Another thing to consider is whether there is any medicine you take regularly. Each plan has different drugs that it covers and different coinsurance rates and co-pays for those drugs. You can check your plan’s prescription drug list to see what works for you.

And, if you’re still having trouble making up your mind after all of this, you can reach out for guidance to a health care navigator who has been trained on how the public exchanges work or a broker licensed to recommend and sell insurance plans at no cost to you (brokers are paid by the insurance companies and navigators are paid by grants funded federally or at the state level). Any of these brokers or navigators who are licensed to sell insurance are required to take your personal information into account and make recommendations that are appropriate for you. Lists of navigators and brokers in your area can be found on your state or federal public marketplace.

Since I almost never go to the doctor, am under the age of 30, and generally stay in the NY area, I knew I wanted a catastrophic level health plan that would be relatively cheap and only help me out in the event something really bad happened to me. I then chose a plan from an insurance company called Oscar after speaking with a healthcare navigator, who recommended them based on their hands-on customer service. Oscar is only available in New York and New Jersey, but if I were a frequent traveler, it would have been important for me to find an insurer that had coverage in other places.

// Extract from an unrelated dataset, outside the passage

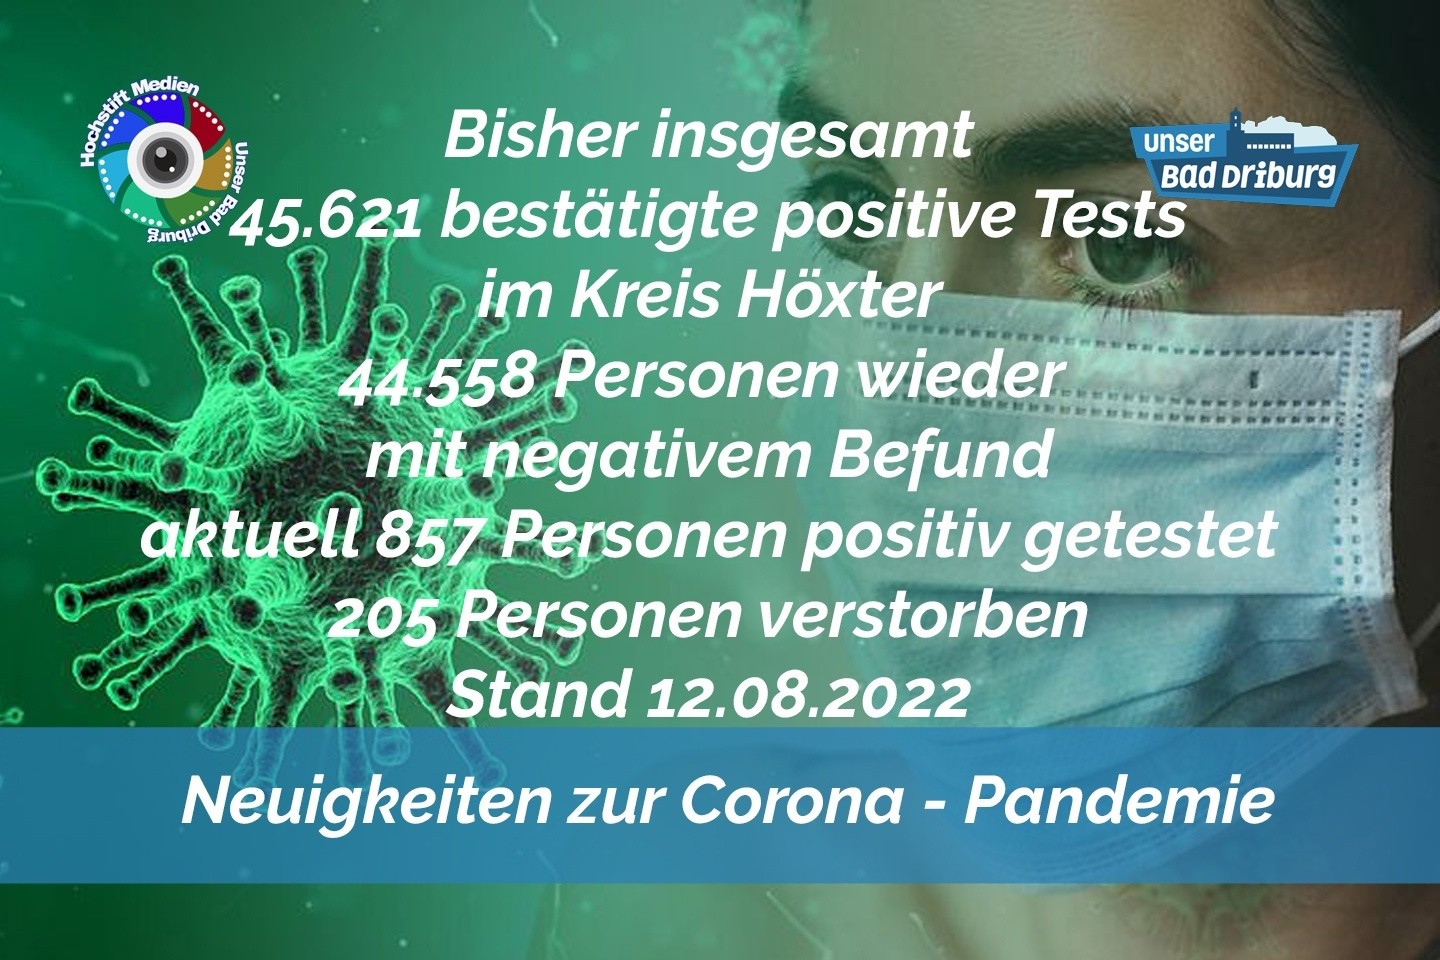 Update 12. August 2022: 118 weitere amtlich positive Tests im Kreis Höxter

Very few of the health plans on the New York exchange included dental insurance, and none of them included vision insurance, so I elected to pass on those options. While it might make sense for you to purchase vision or dental directly from an insurance company if you have dental or vision issues, my thinking was that I don’t use those services often and that I would be able to pay out of pocket should the need arrive. Recently, I paid $125 without insurance for a teeth cleaning, which seemed fairly reasonable.

For $180.48 a month with Oscar, I get free access to preventative care and three free visits to a primary care doctor over the course of the year. However, I receive no co-insurance assistance from my plan beyond that until I have spent $6,600 out of my own pocket, at which point Oscar will pay for the entirety of all covered services I receive — in this case, my deductible and my out-of-pocket maximum are the same. For comparison, the cheapest bronze-level plan on the exchange was $308.15 and had a $3,000 deductible and a $6,350 out-of-pocket maximum.

Basically, I am crossing my fingers that I don’t get sick or hurt. Indeed, while I like to think I’ve offered some good pointers here for choosing the best plan for you, the sad truth is that under our present system, the only real way for freelancers to minimize costs for health services is, unfortunately, to utilize them as infrequently as possible.